- DATASET EXTRACT
══════════
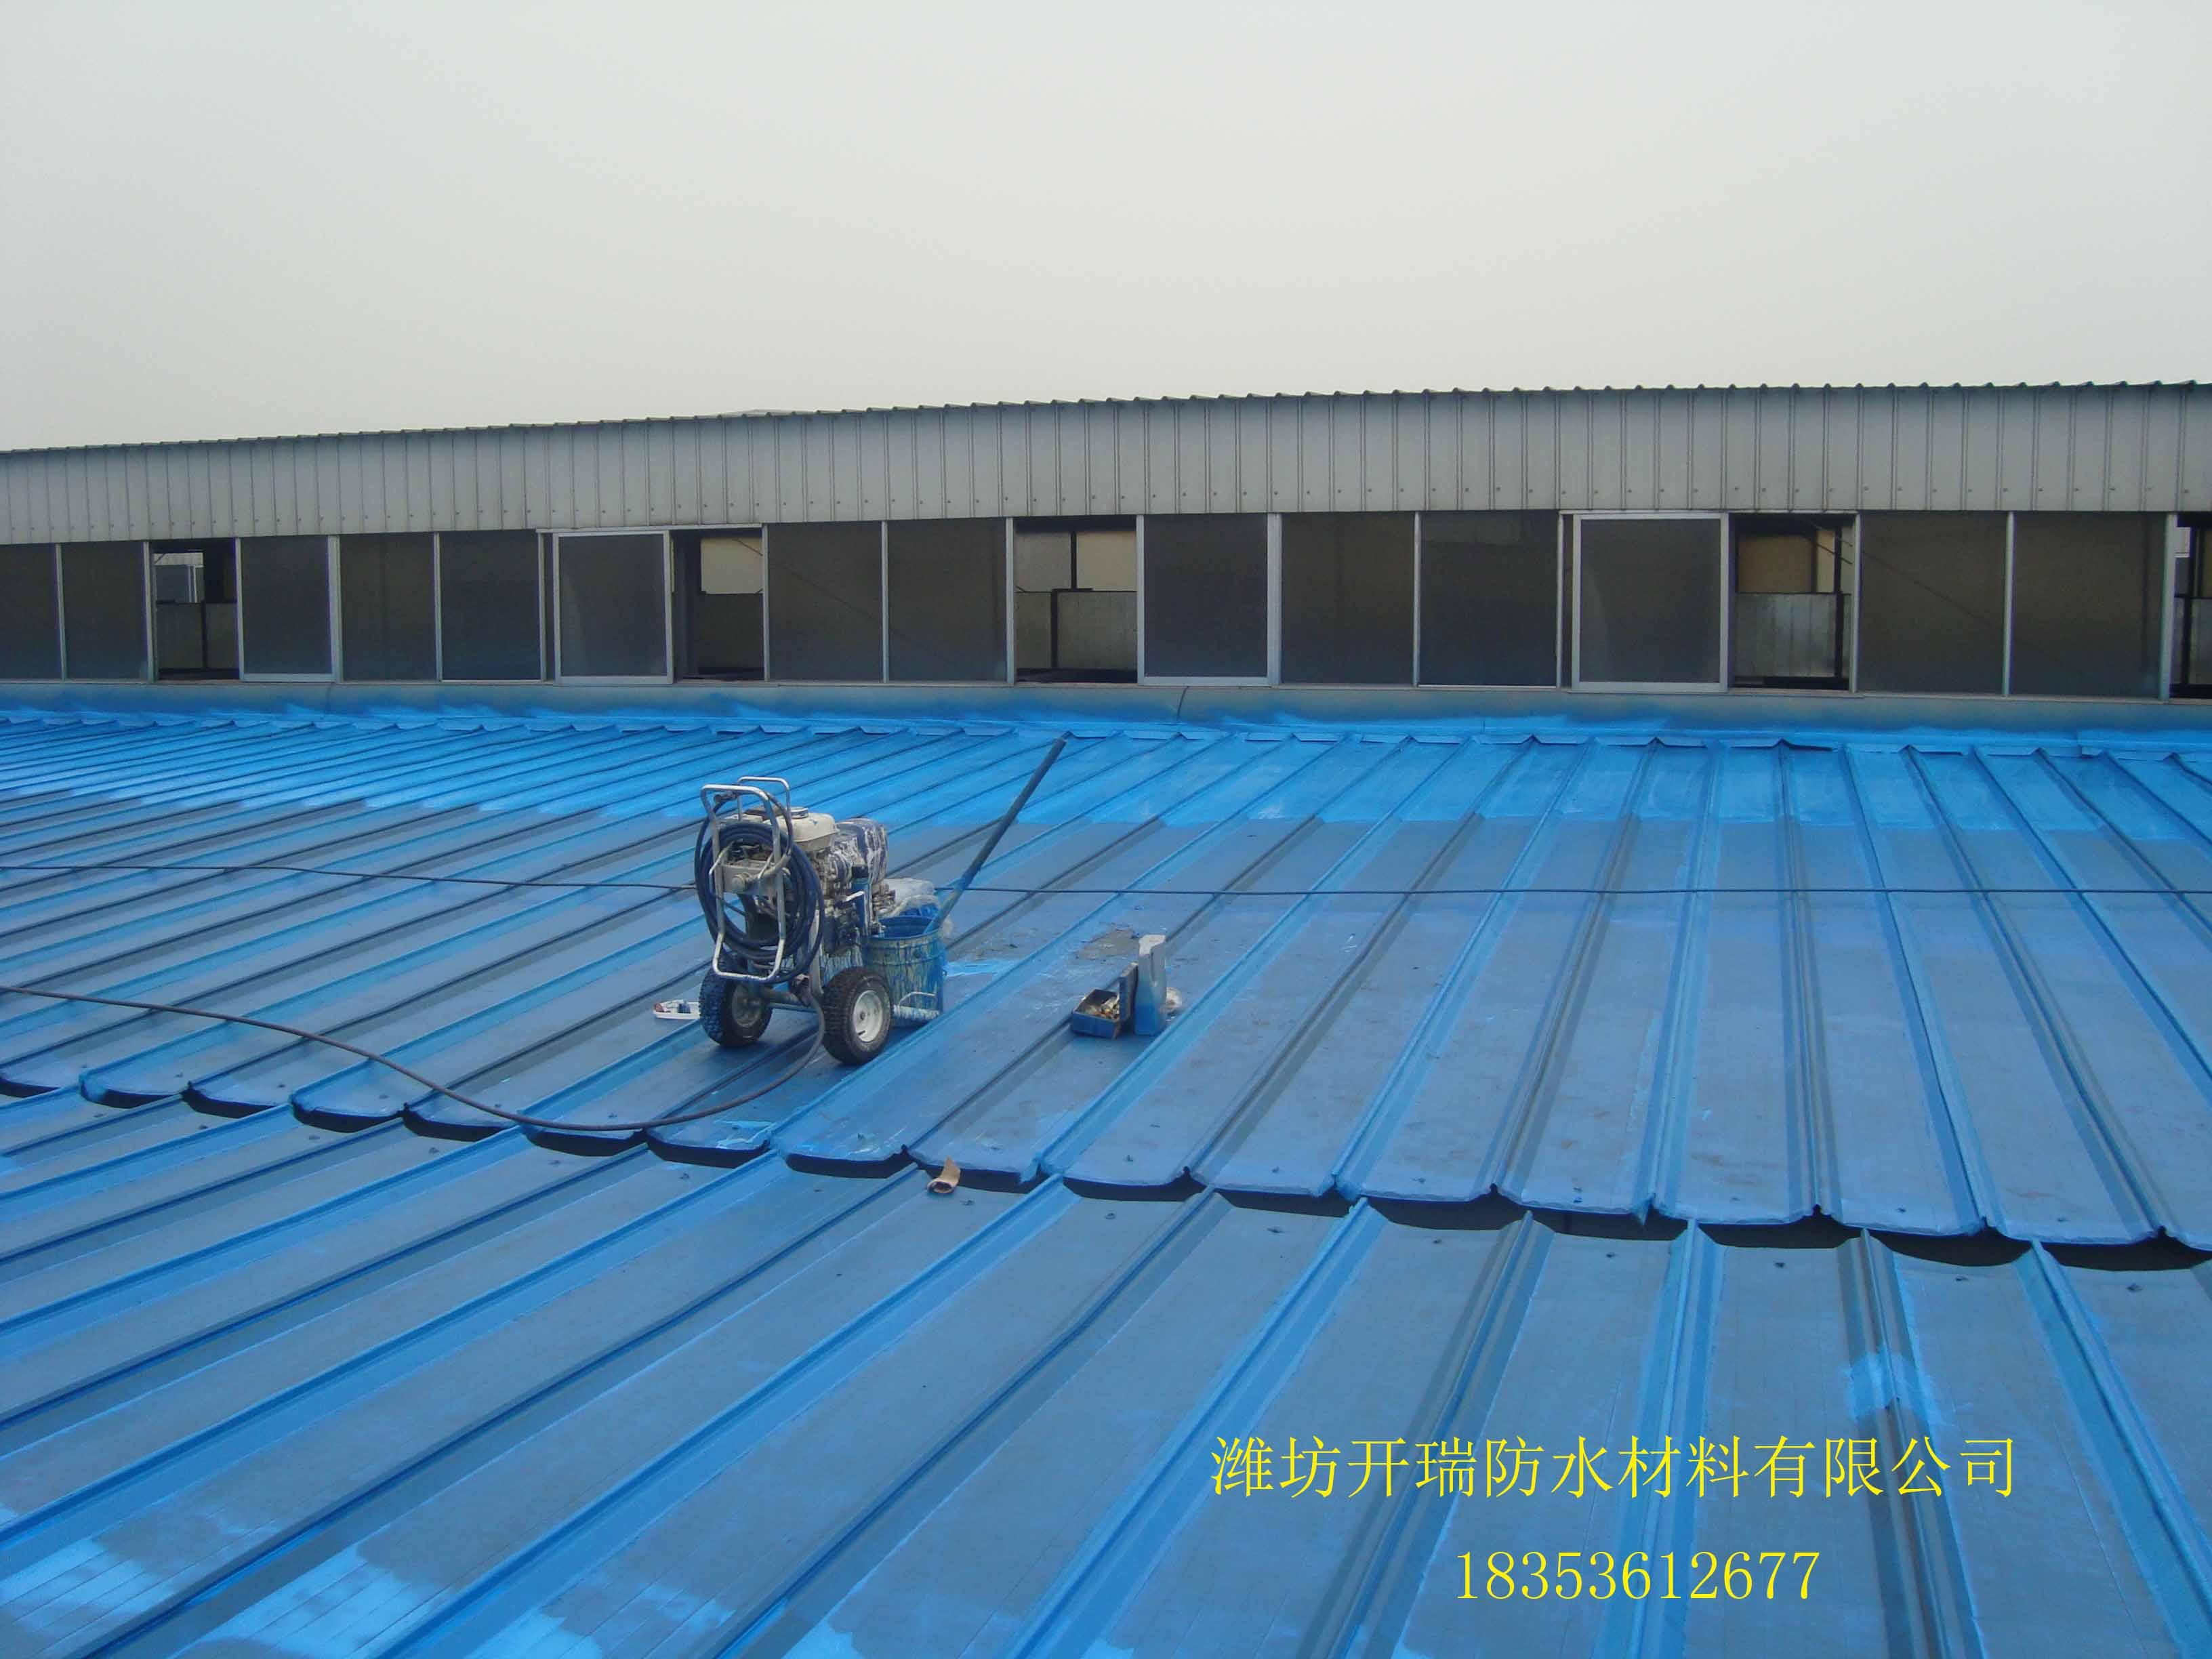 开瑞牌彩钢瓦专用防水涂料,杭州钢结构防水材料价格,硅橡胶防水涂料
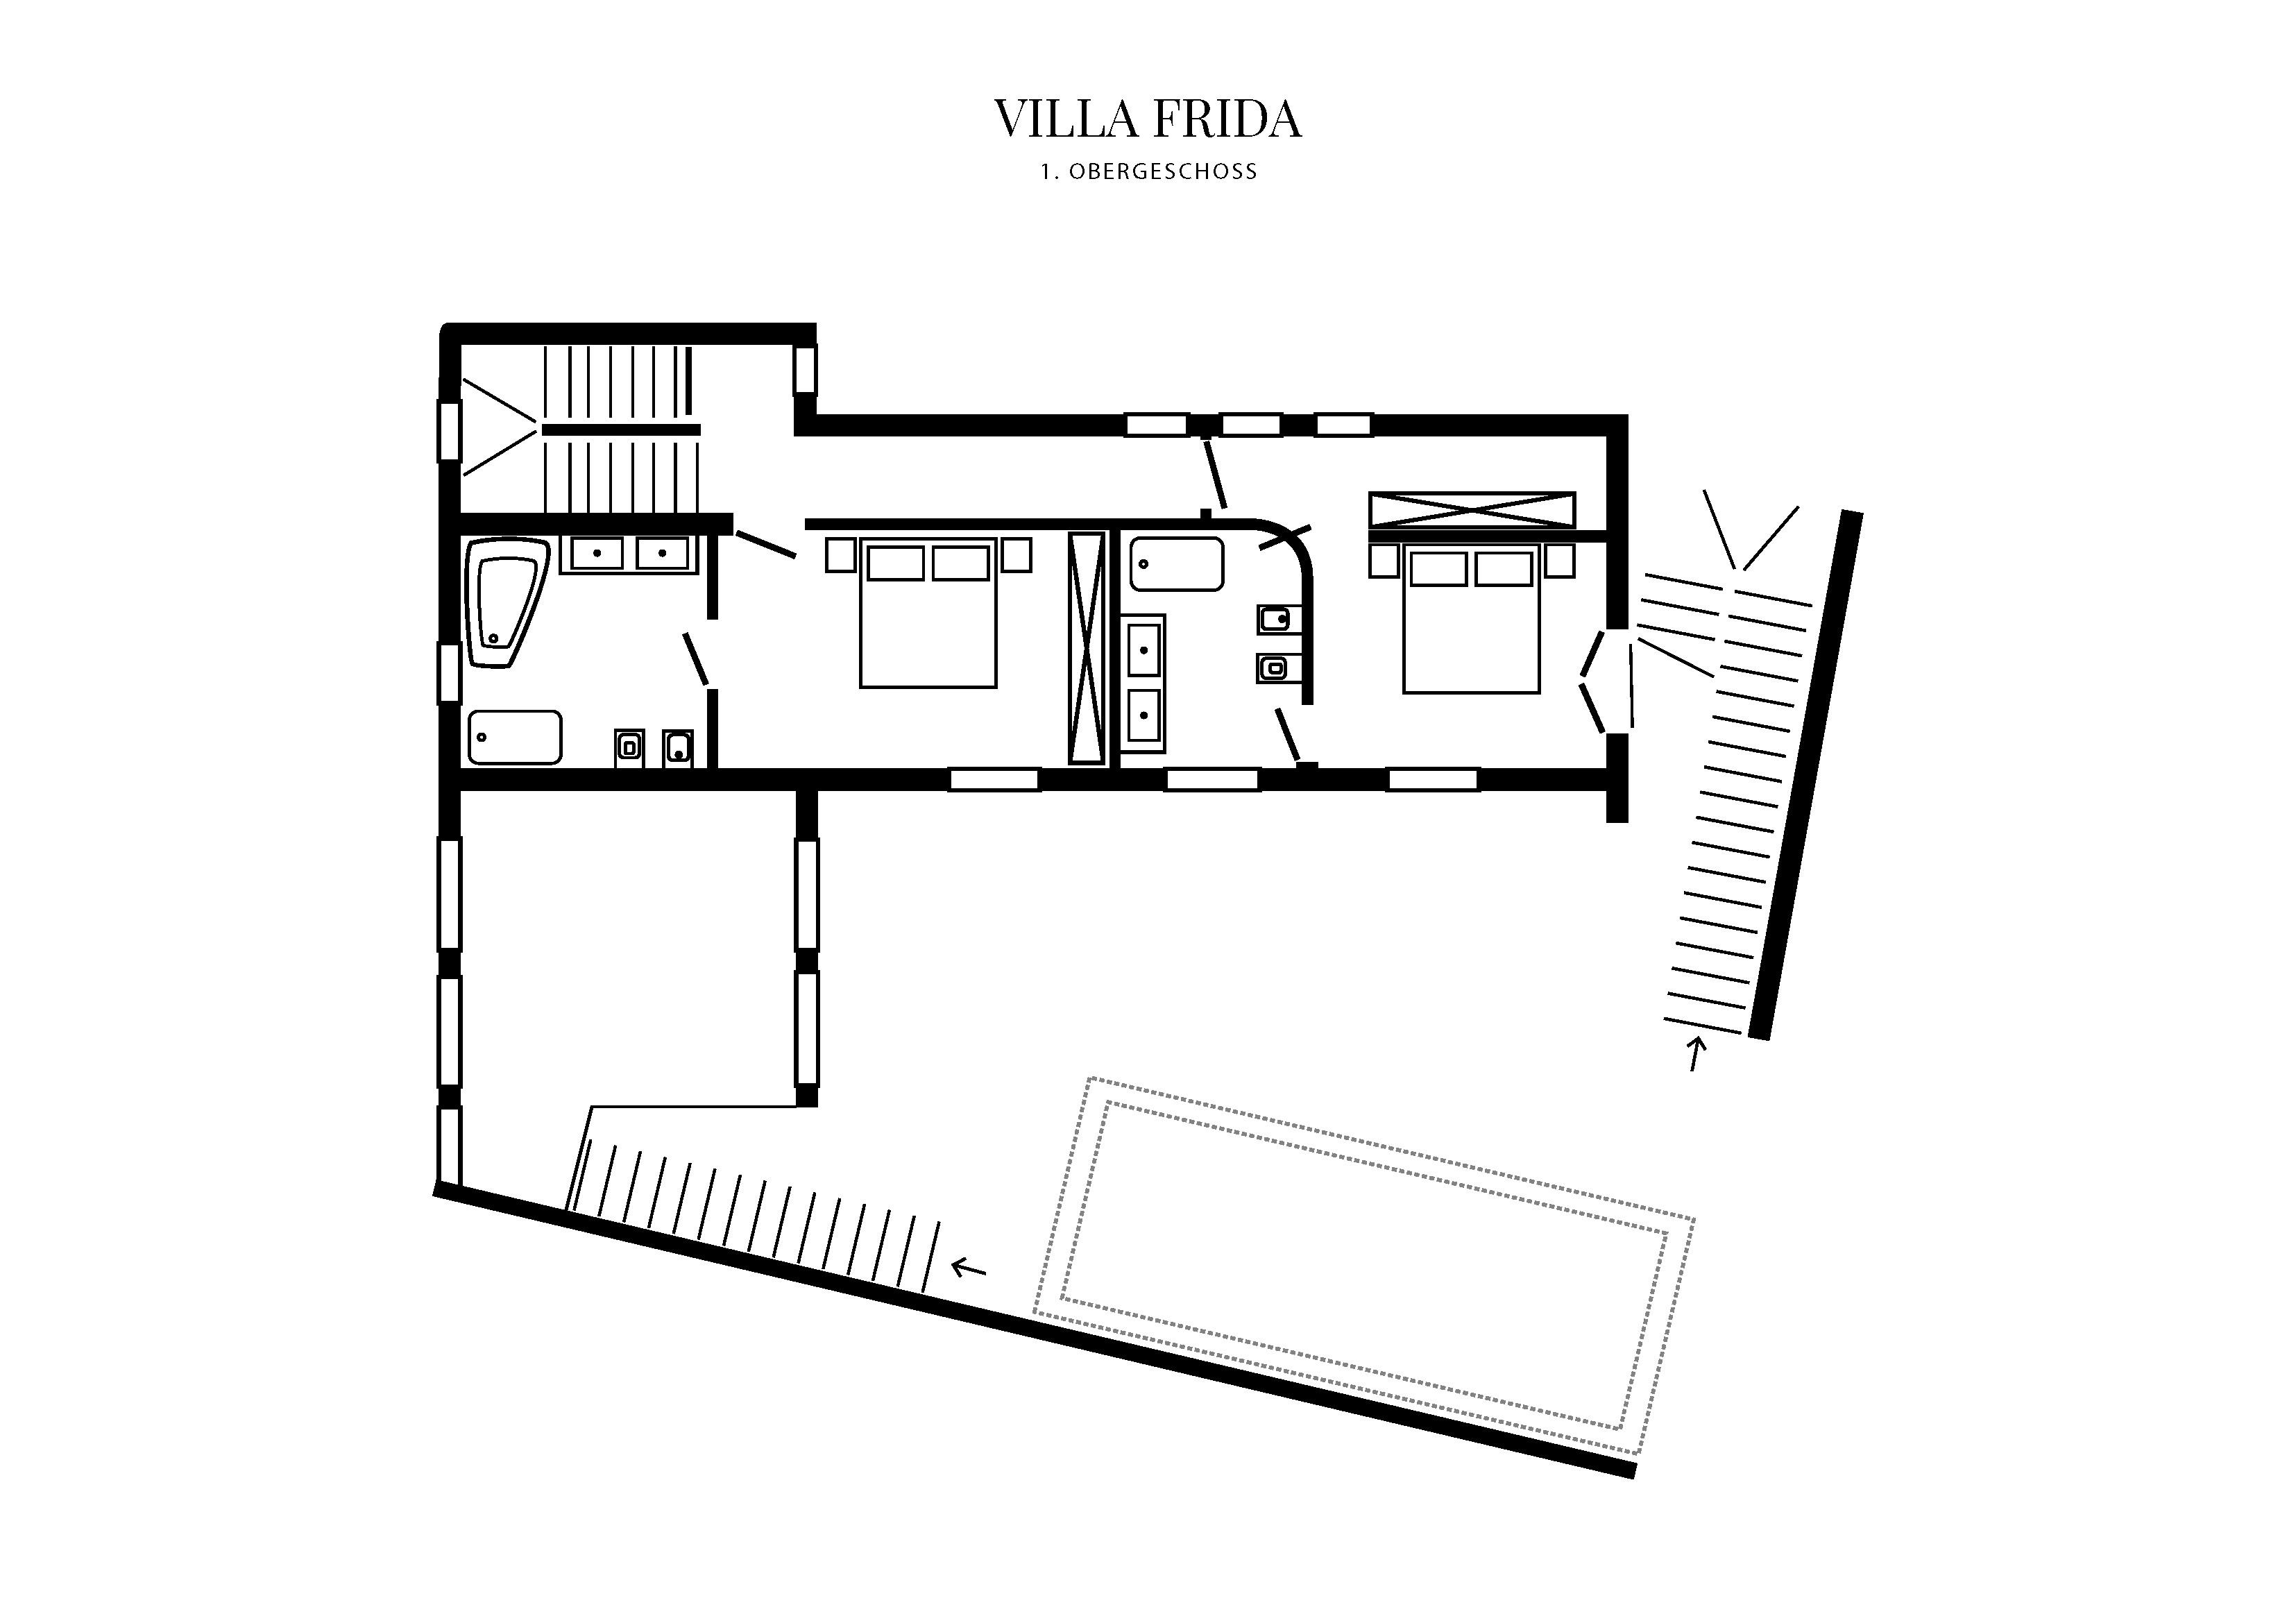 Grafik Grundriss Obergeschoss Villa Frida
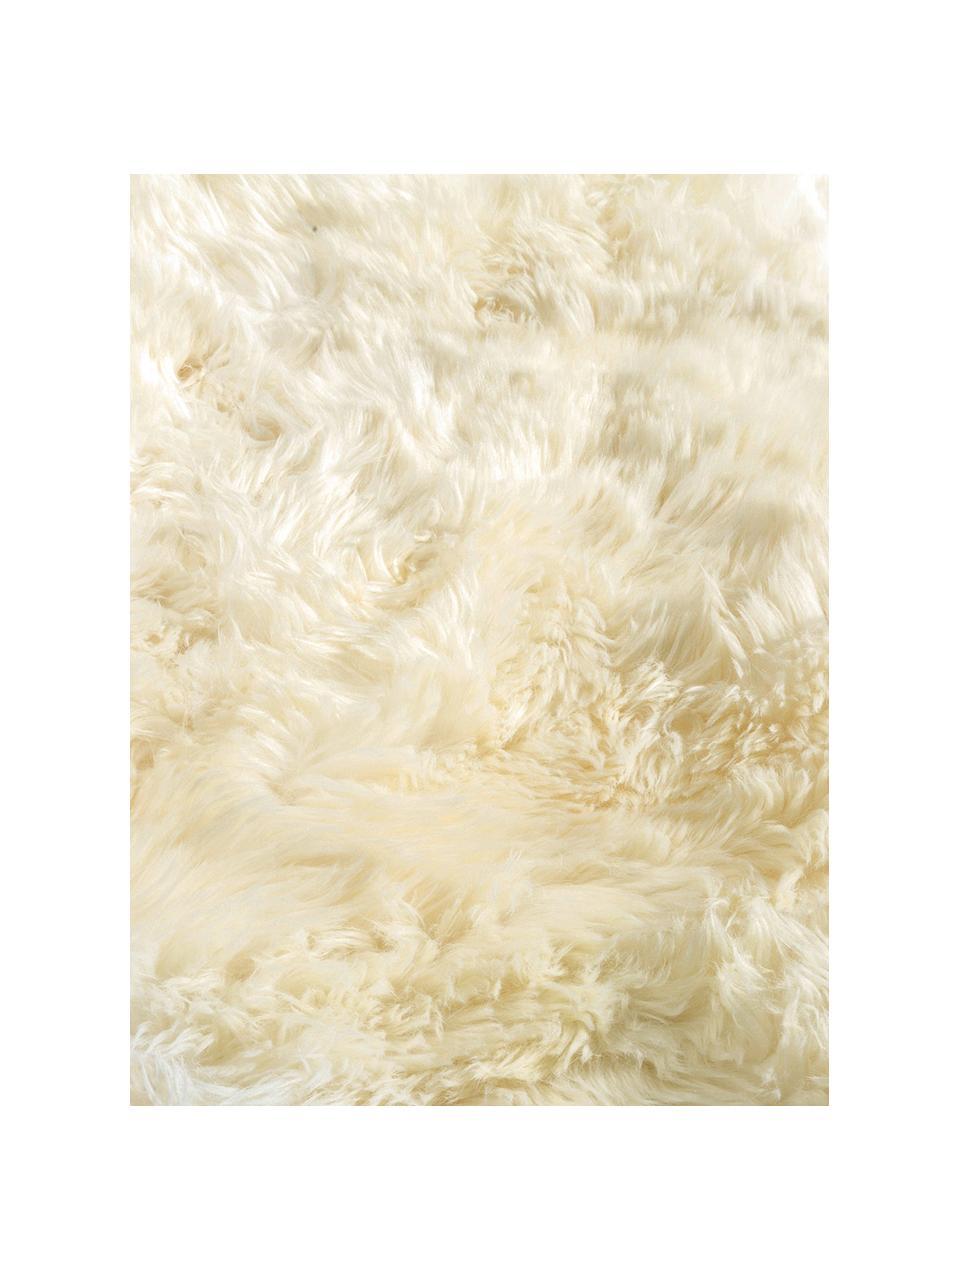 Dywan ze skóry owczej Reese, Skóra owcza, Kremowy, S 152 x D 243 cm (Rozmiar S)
══════════
Any picture found in the data is to be skipped while the rest is copied exactly.

 开瑞牌彩钢瓦专用防水涂料,杭州钢结构防水材料价格,硅橡胶防水涂料
 Grafik Grundriss Obergeschoss Villa Frida
 Dywan ze skóry owczej Reese, Skóra owcza, Kremowy, S 152 x D 243 cm (Rozmiar S)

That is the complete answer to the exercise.